The first thing to understand is that the main body responsible for soccer in South Africa is SAFA, the South African Football Association, and alongside them the PSL, The Premier Soccer League. The two bodies should be working hand in hand. Despite that, the PSL's CEO was quoted as saying: “There's a chasm of mistrust between the PSL and SAFA”. In order to orchestrate and to bid for 2010, a local Bid Committee (BC) was formed headed by Danny Jordaan. Once the bid was successful the BC had done its job, an extremely professional and efficient job good enough to beat out the rest of the world, and was dissolved.

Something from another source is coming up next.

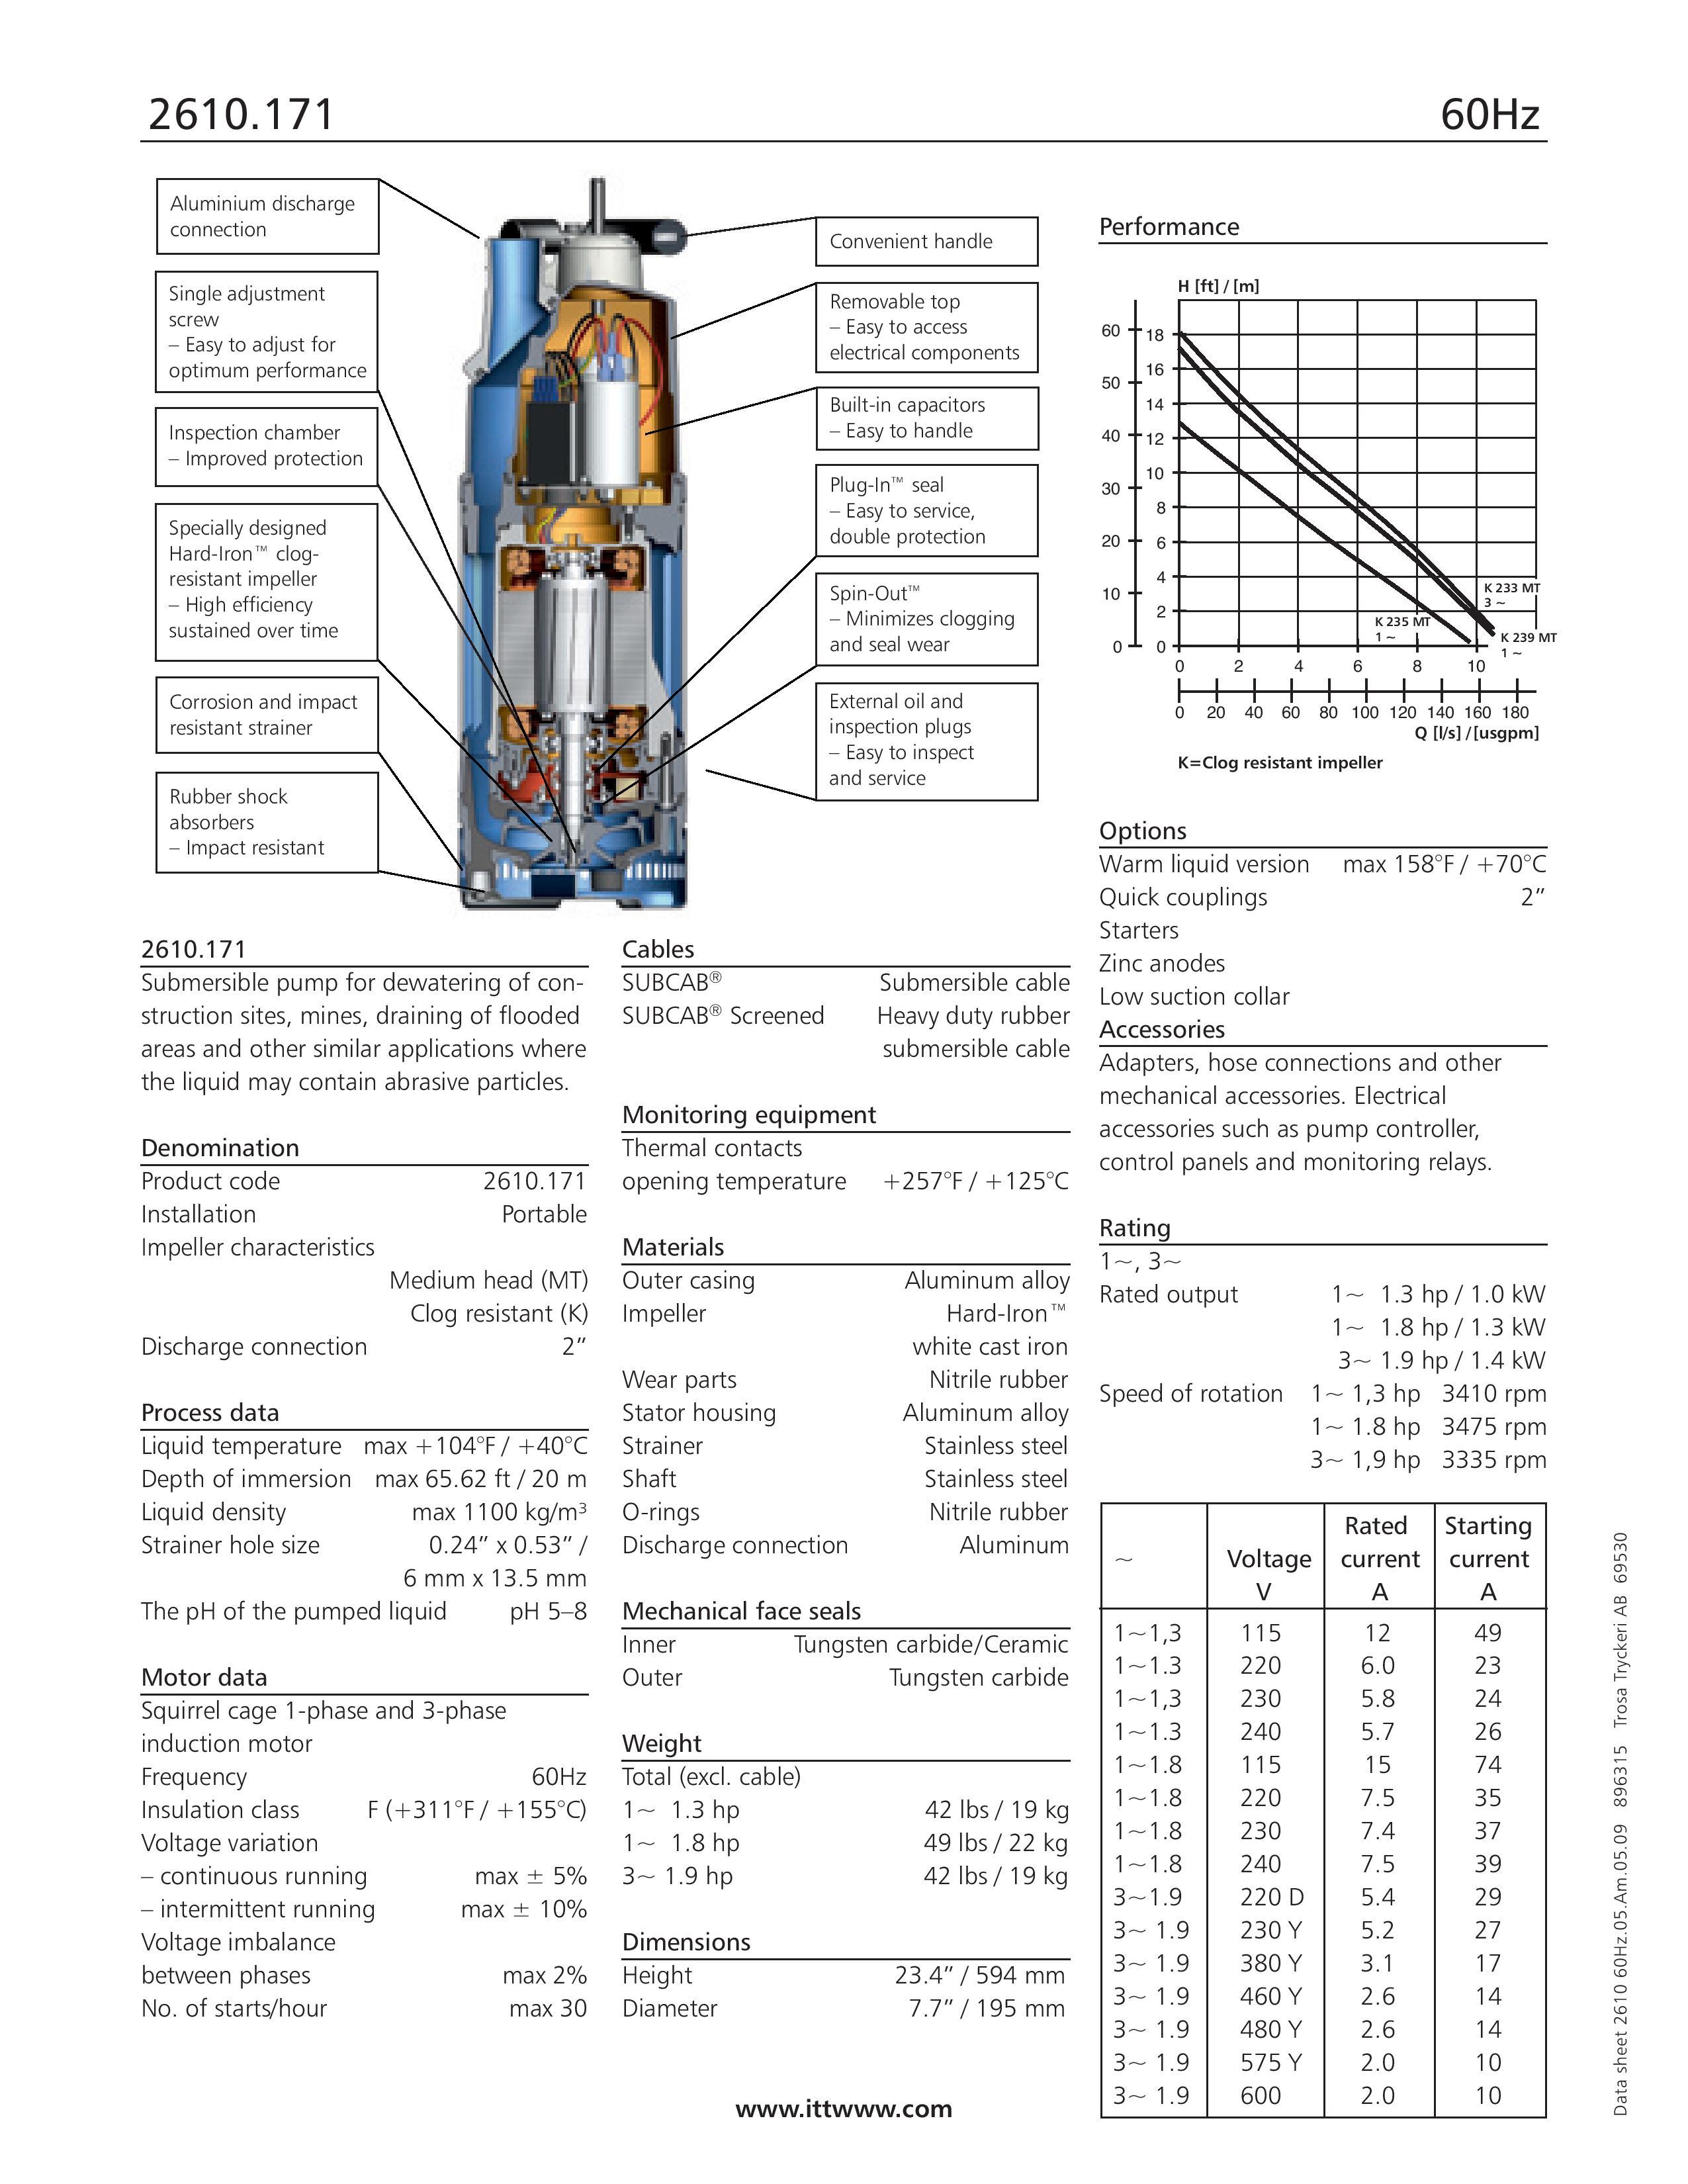 Flygt Submersible Pump Supplier Worldwide
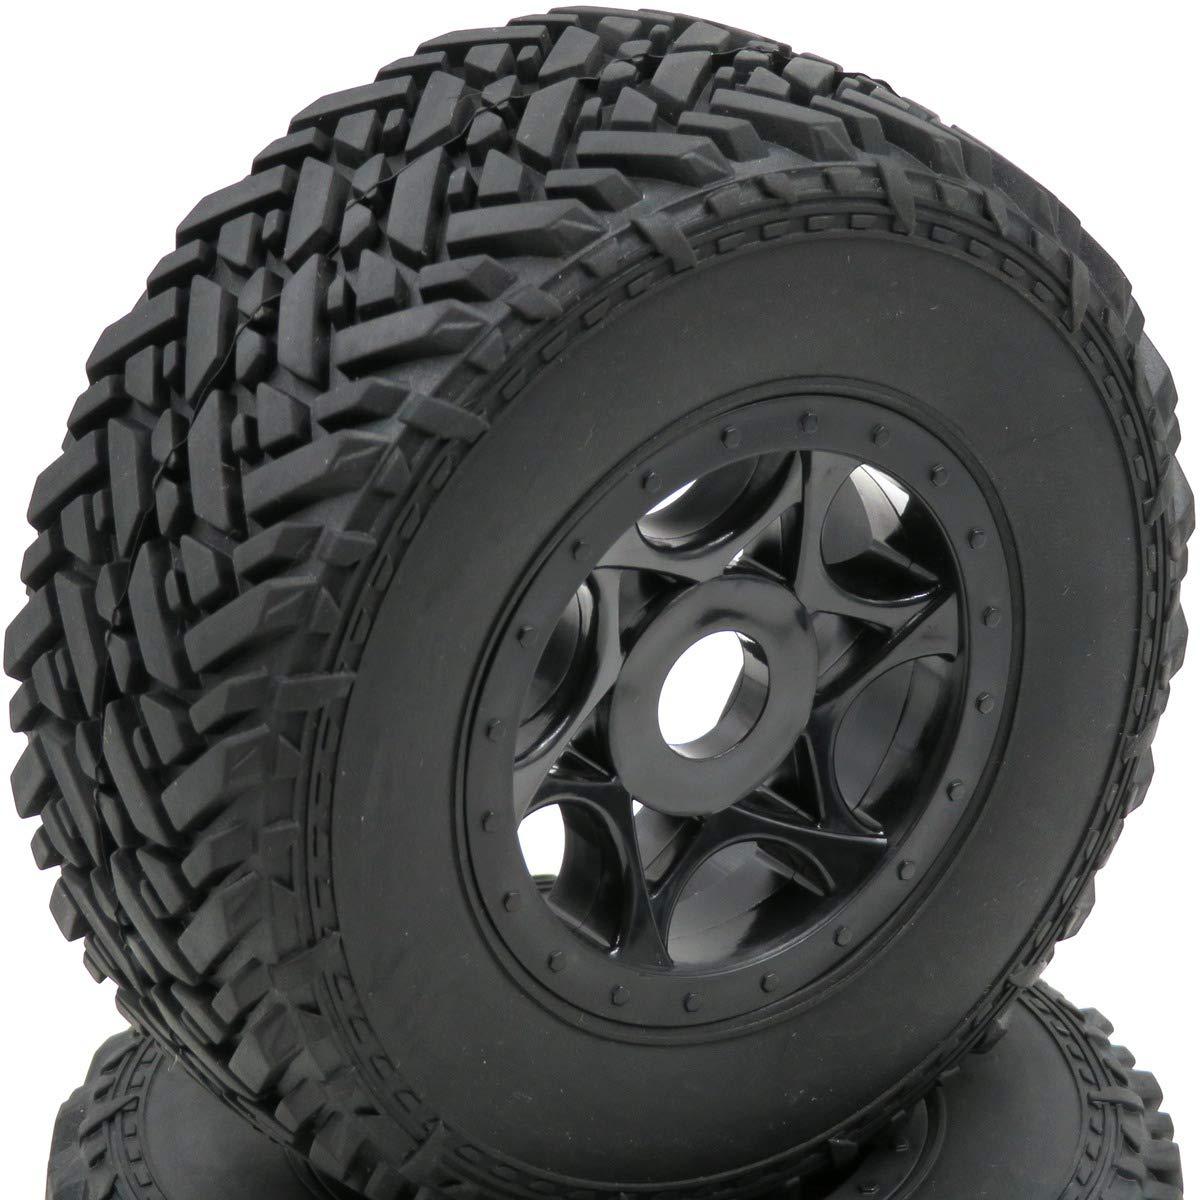 4pcs RC 1//8 Buggy Off Road Short Course Tires /& Hex 17mm Wheels Rims For 1:8 Car

Out of the BC was created the Local Organising Committee (LOC) to work closely with FIFA in putting together all the planning, up to and including the 2010 tournament. Word has it that FIFA and the LOC are working in excellent harmony, have developed a close working relationship of mutual trust, and that in many areas they are well ahead of schedule. As the count down to the 2010 kick off approaches, this relationship will be tested to the full, but the signs are extremely positive. Danny Jordaan and his team are doing a very professional job.